Study material -
|---|

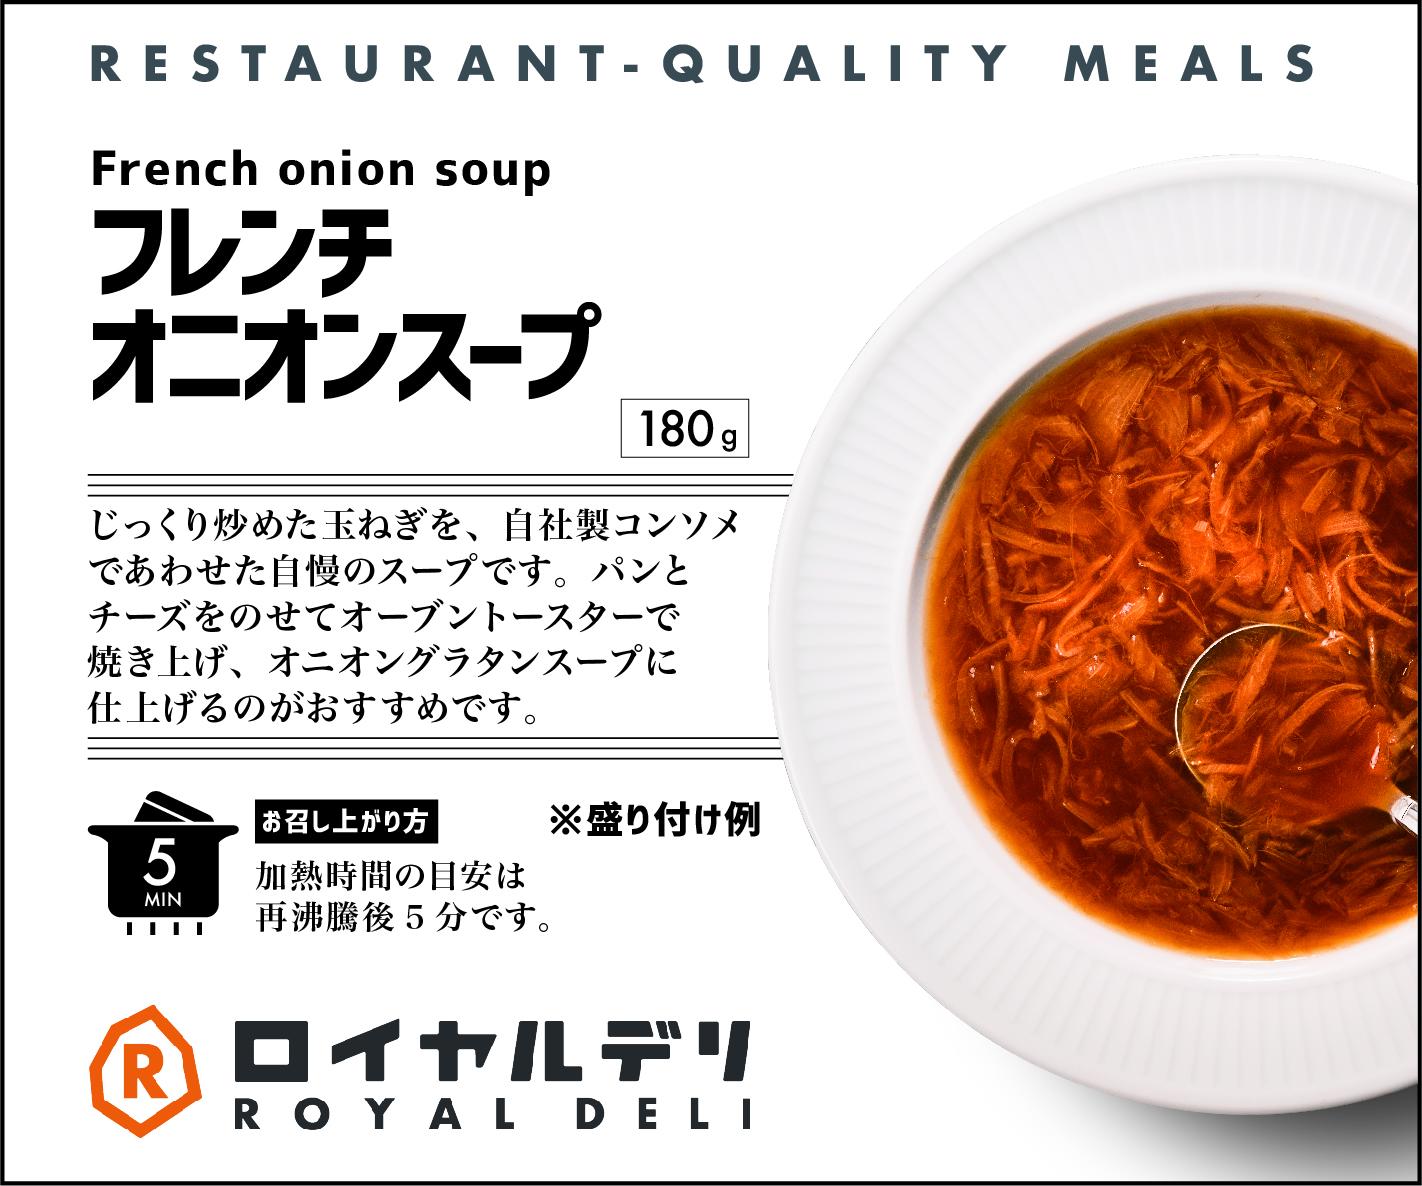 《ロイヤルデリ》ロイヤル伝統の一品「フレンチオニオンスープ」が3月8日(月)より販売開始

|---|

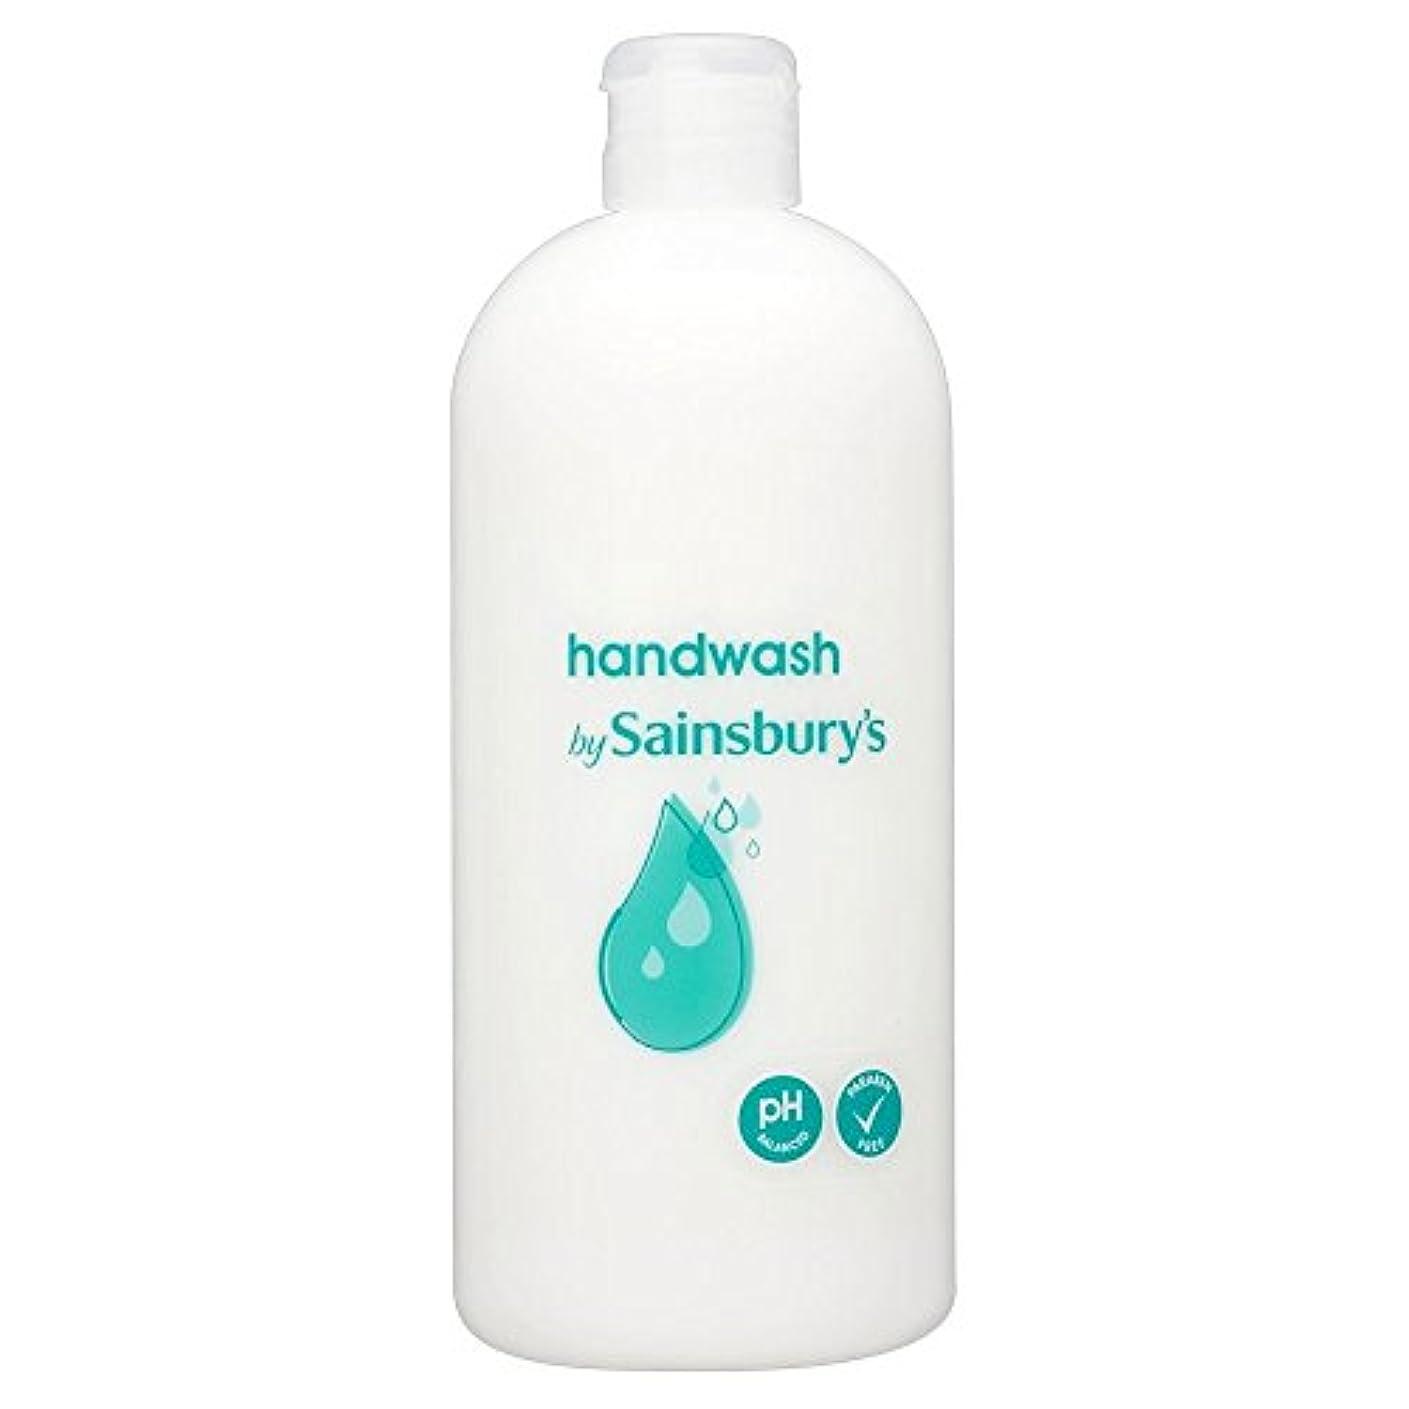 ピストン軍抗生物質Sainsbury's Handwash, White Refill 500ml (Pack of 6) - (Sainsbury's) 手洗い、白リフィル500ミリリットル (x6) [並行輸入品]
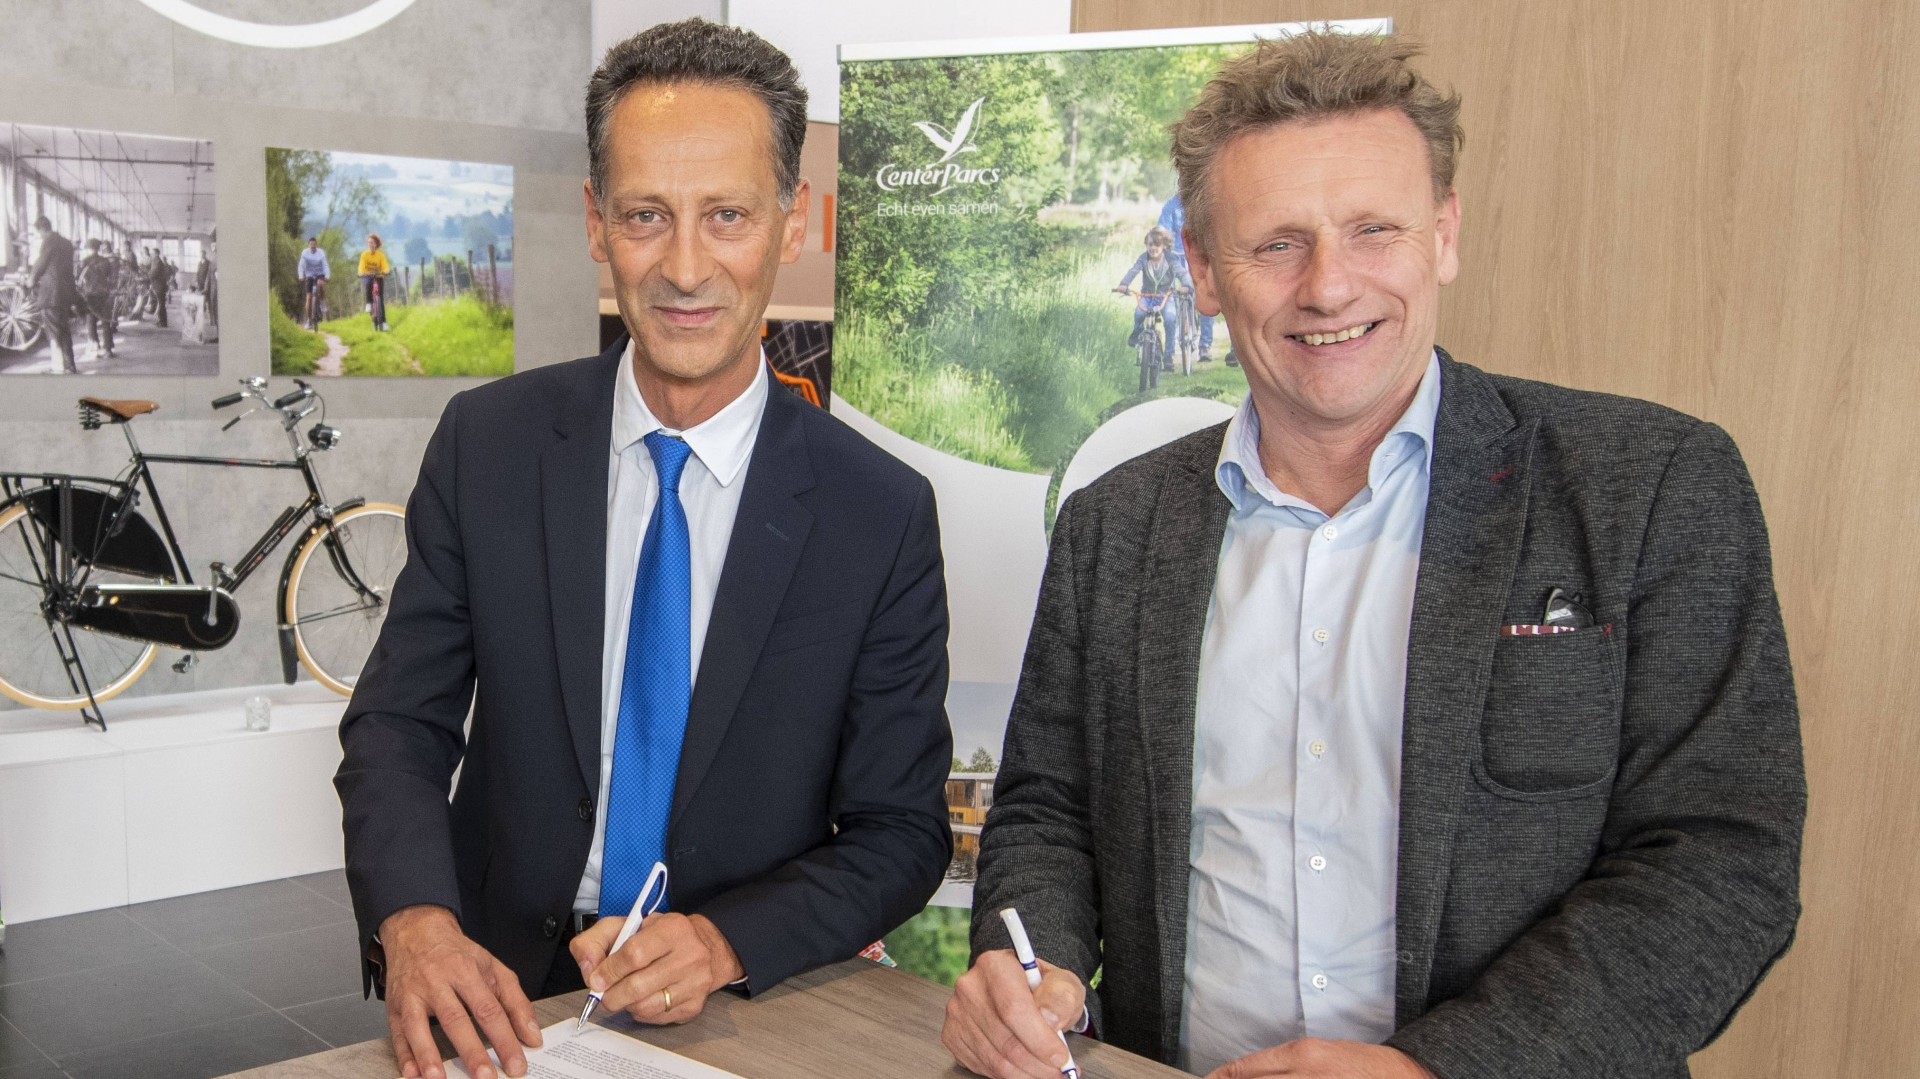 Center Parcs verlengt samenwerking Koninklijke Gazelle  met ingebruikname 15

|---|

Activity -
Without the pictures, give again exactly the lines above starting at the line containing "ピストン軍抗生物質Sainsbury's Handwash, White" and ending at the line containing "Center Parcs verlengt".

Task solution -
 ピストン軍抗生物質Sainsbury's Handwash, White Refill 500ml (Pack of 6) - (Sainsbury's) 手洗い、白リフィル500ミリリットル (x6) [並行輸入品]
 Center Parcs verlengt samenwerking Koninklijke Gazelle  met ingebruikname 15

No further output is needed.